### Information provided

⁂

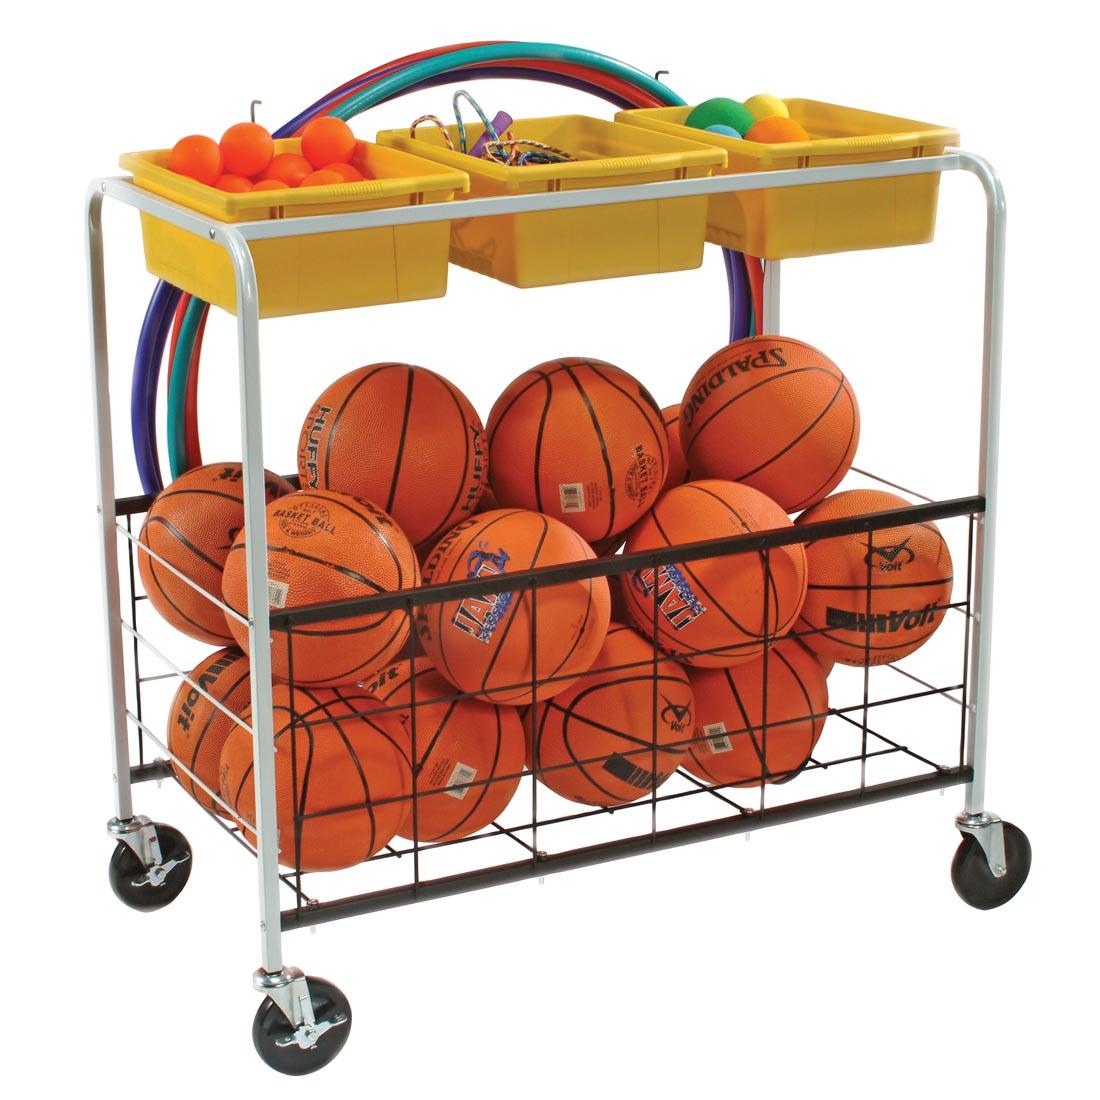 Phys-Ed Cart holding hula hoops, balls and jump ropes
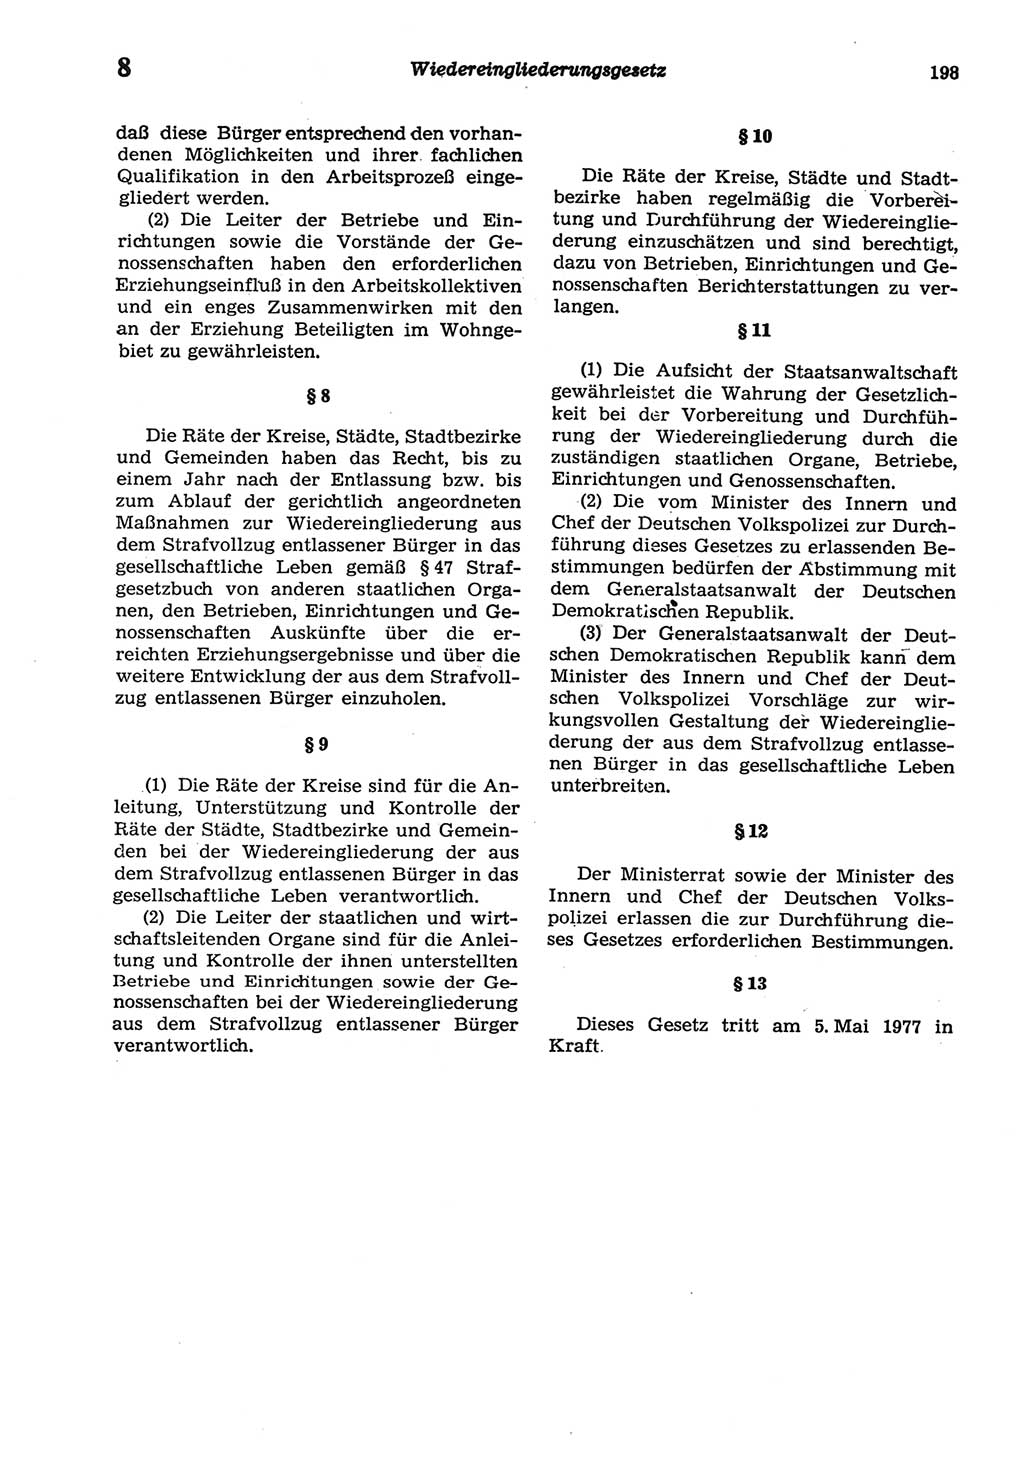 Strafprozeßordnung (StPO) der Deutschen Demokratischen Republik (DDR) sowie angrenzende Gesetze und Bestimmungen 1977, Seite 198 (StPO DDR Ges. Best. 1977, S. 198)
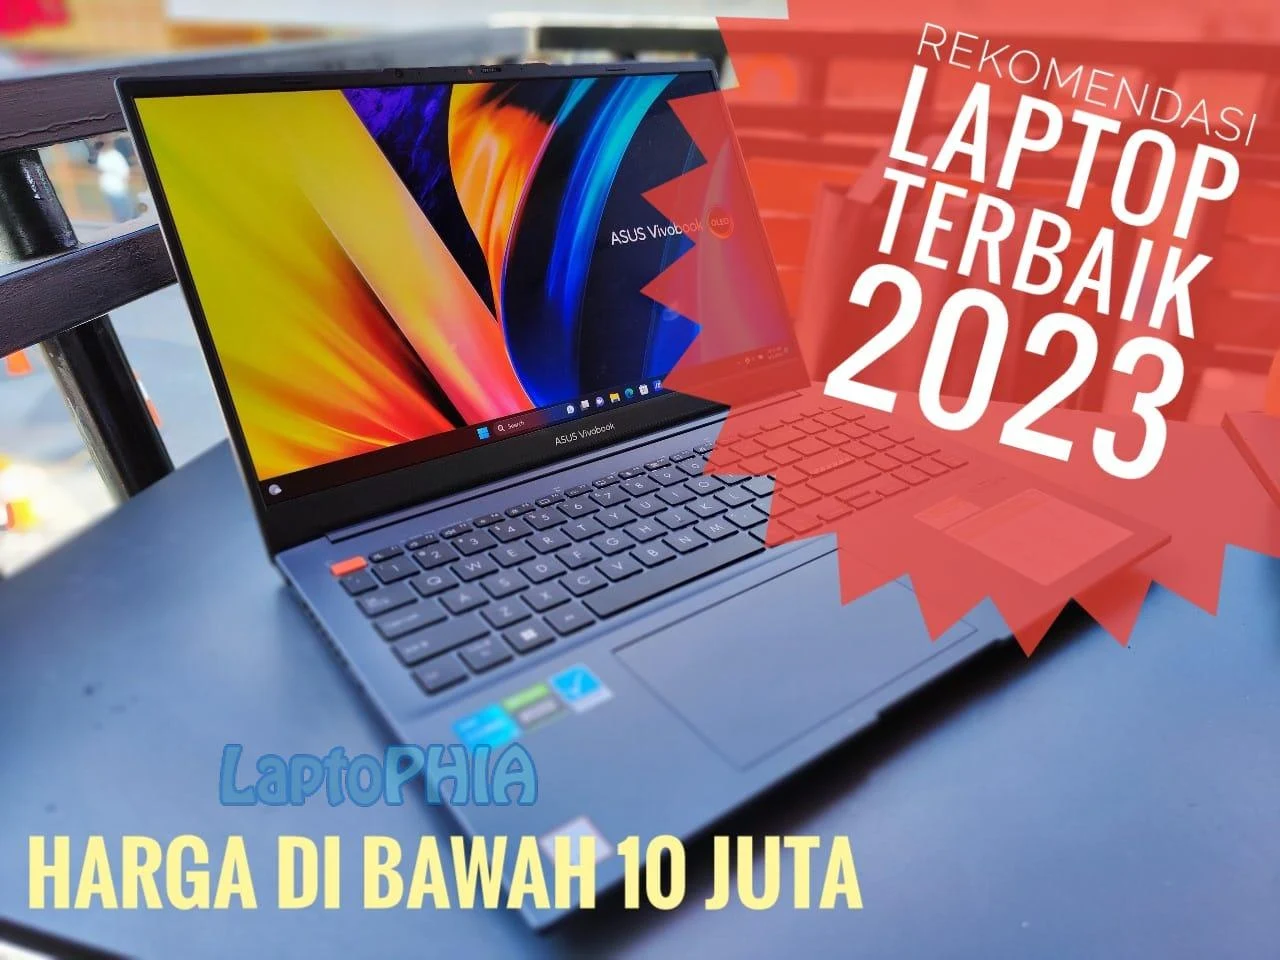 Rekomendasi Laptop Terbaik 2023 Harga di Bawah 10 Juta, Pilih Mana?

⁂

### Your goal
The lines needed are those from the one containing "Strafprozeßordnung (StPO) der" through the end of the listing, given again word for word and without any picture.

### Completed exercise
 Strafprozeßordnung (StPO) der Deutschen Demokratischen Republik (DDR) sowie angrenzende Gesetze und Bestimmungen 1977, Seite 198 (StPO DDR Ges. Best. 1977, S. 198)
 Rekomendasi Laptop Terbaik 2023 Harga di Bawah 10 Juta, Pilih Mana?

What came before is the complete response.